Motifs are recurring structures, contrasts, and literary devices that can help to develop and inform the text’s major themes.

Letters

The letters that Moses writes to "newspapers, to people in public life, to friends and relatives and at last to the dead" appear in almost every chapter in the novel. These letters illustrate Moses' attempt to put the world around him in some kind of order. He talks and talks and writes and writes, trying to iron out the contradictions that exist in his philosophy, his life, and the life of others. The technique seems to work: by the end of the novel, he can stay peacefully silent. Moses has nothing else to say for the moment, "not a single word." He has not actually created organization or stability through his letter writing, but the process has, more importantly, allowed him to come to an understanding of himself and see that stability is not a goal in the first place.

Philosophy and Psychology

Philosophy and psychology are present throughout the novel. Moses constantly makes references to philosophies of his own, of the ancients and moderns, and of new scholars. Philosophy becomes a kind of religion for Moses, and he tries to tear it apart in order to understand it. In the end, he finds that his personal philosophy is a mixture of philosophies, and he need not decide on any one philosophy in order to be satisfied.

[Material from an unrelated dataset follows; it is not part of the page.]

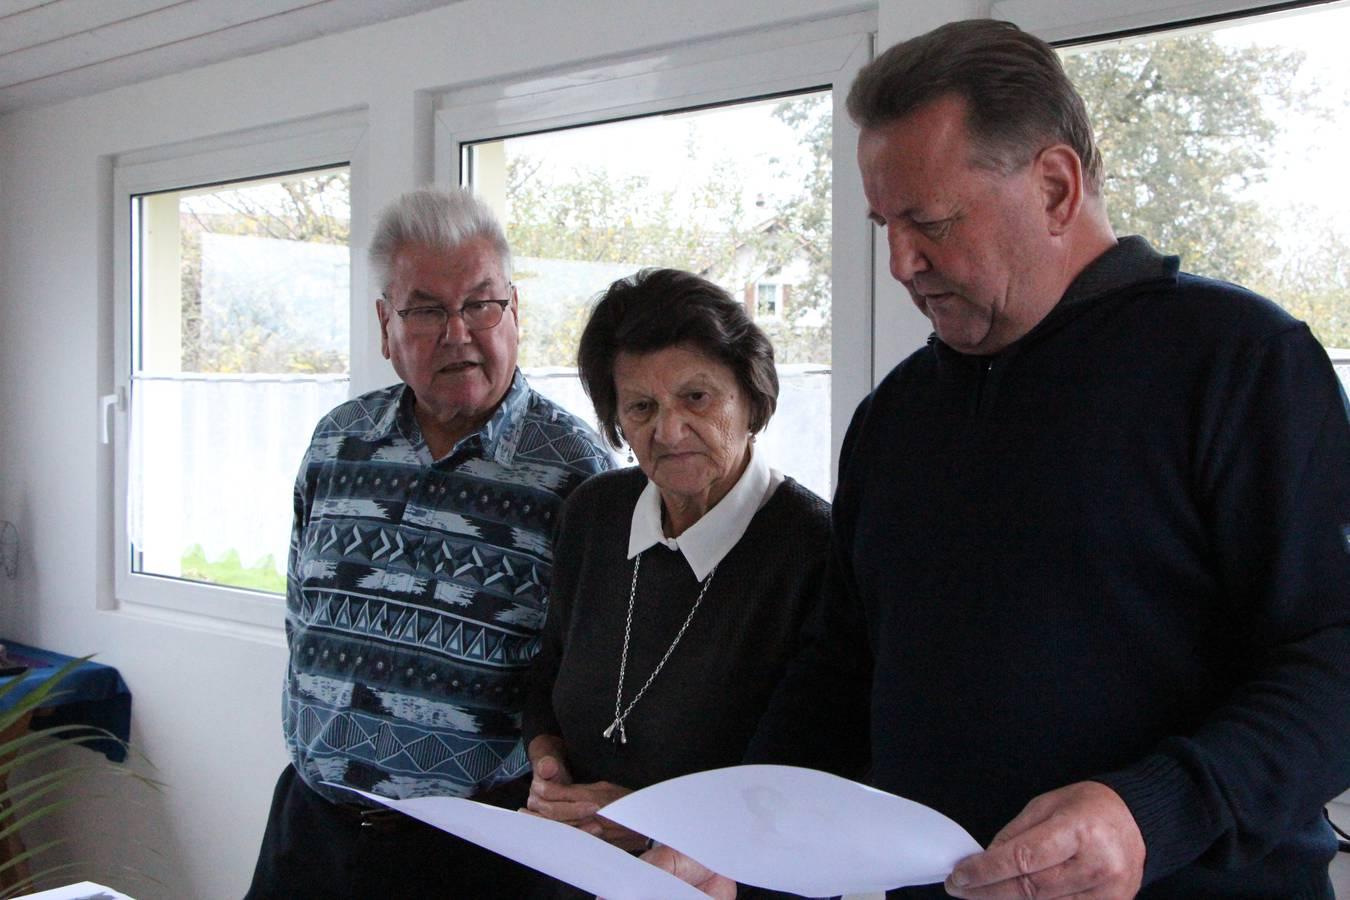 Gemeinsam mit ihrem Mann Hugo Loher-Lüchinger (links) und Patrics Götti Walter Lüchinger (rechts) begutachtet Gertrud die Kandidatinnen. (© Lara Abderhalden)

Moses has seen a psychiatrist, and he references ideas of psychology. Psychology serves mostly as an object of satire in the novel; both Bellow and Moses find humor at its expense.

Women and Sex

Women are both the cause of and the antidote to Moses' suffering. His wives pain him, his casual loves give him diseases. Some women represent Moses' tendency to rely on sex for comfort. He also seeks stability in marriage. Over the course of his relationship with Ramona, Moses begins relating to women in a new way. He stops thinking of marriage as an easy solution to his problems, and of sex as the cure for what ails him.